Indian Errors in America

By Rishikesh Sinha

Life can become full of experiments with all possible hits and trials, especially if it is involve one-year stay in the US. This is the central theme of Anurag Mathur’s humorous novel ‘The Inscrutable Americans’. The story in the book is a life spent in the US by an Indian student and his trials and tribulations in the new world.

Gopal whose identification in India is that he belongs to the small town called ‘the Paris of Madhya Pradesh’ and his family is in the hair-oil business, staying in America comes as a learning curve in his life.

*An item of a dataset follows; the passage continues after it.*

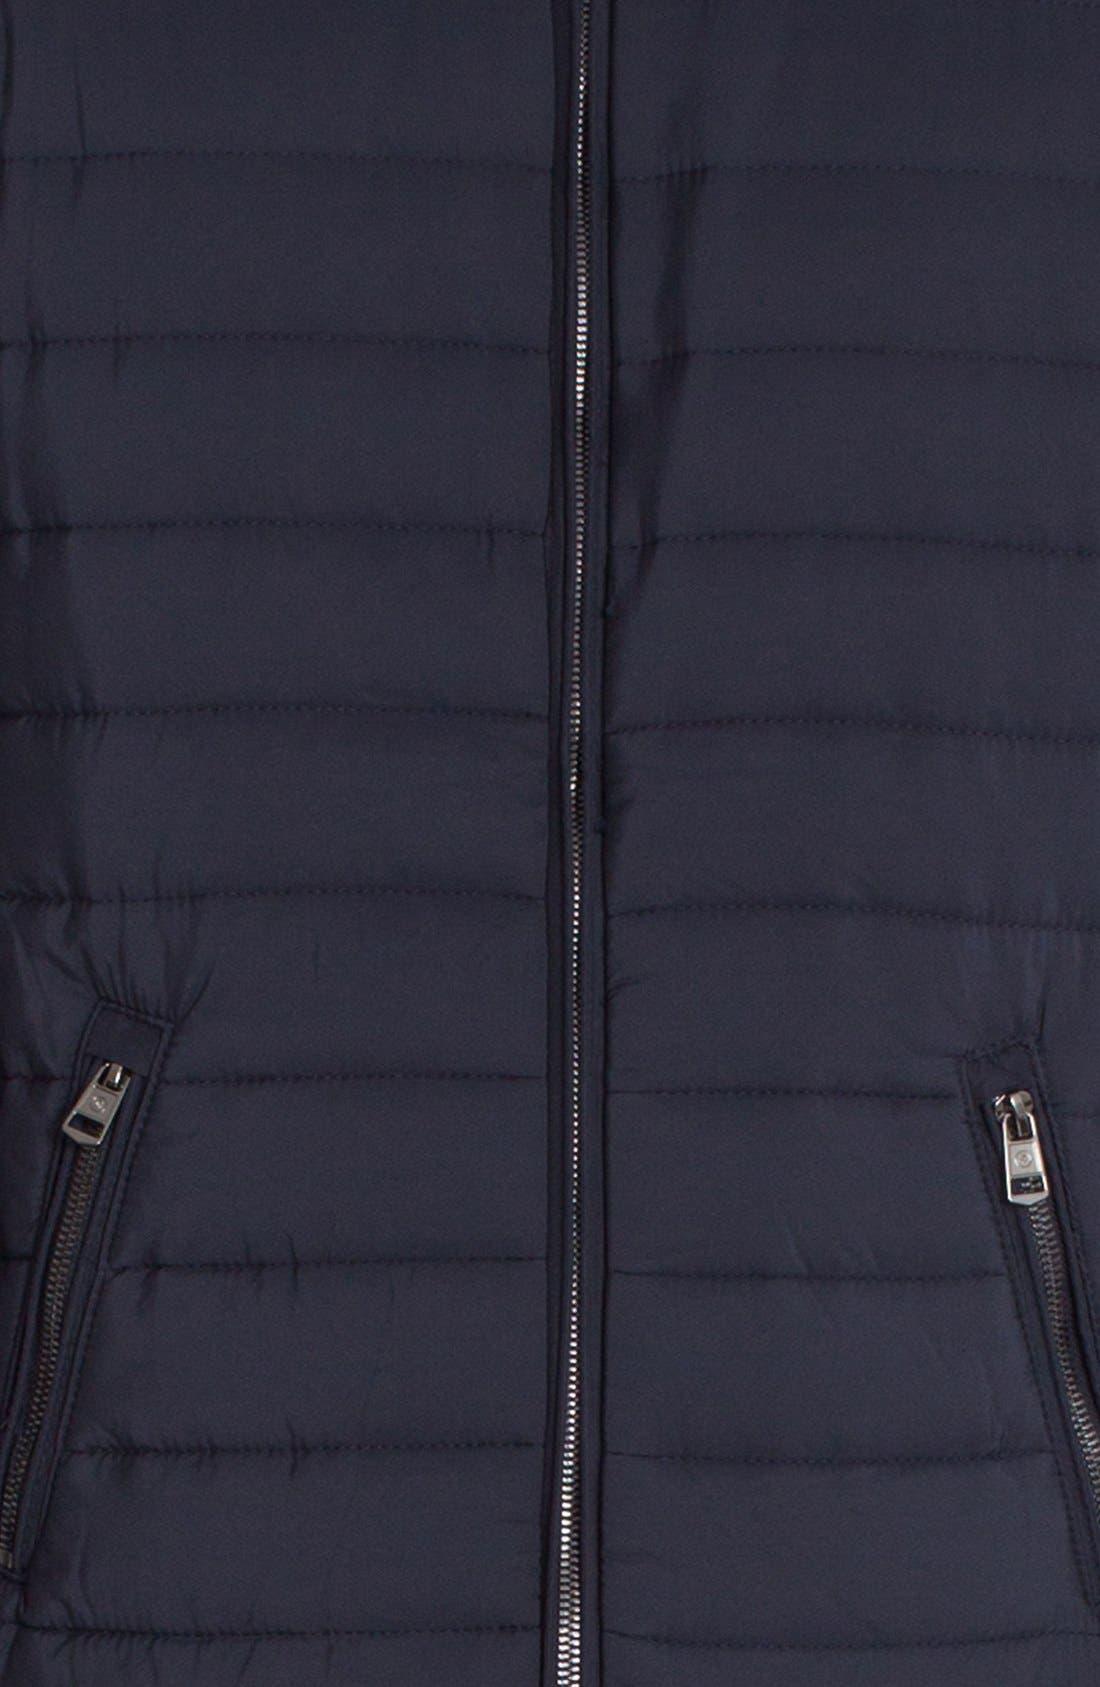 Tristan Mixed Media Jacket,                             Alternate thumbnail 5, color,                             Navy

His English is comical (I am hoping all is well and wealth…I am fine at my end. Hoping your end is fine too) and his Indian perspective about America, and about American people is bizarre (I think Americans are hating vegetarians…They are playing game which they are calling football in which they are beating each other without any mercies for no reason…I am feeling that they should do more beating each other then at least they are not beating rest of world), like many of the Indians have about America.

Especially the 4-letters (which shortens in its length with his long stay) that he wrote to his brother describing his feelings comes as a creamy froth in the whole novel. The letters written by him are as such that it will surely trickle a person with no funny bones. I would say the letters are gems in the whole book.

Leafing through the book, readers would find that they are discovering America not limited to the jovial but embarrassing experiences that any person of Indian DNA would have, but parallel to it they would be unfolding America in a different perspective. They do have problems; there are parts in the country which doesn’t look like America, “there is so much dirt” and “it is too poor”.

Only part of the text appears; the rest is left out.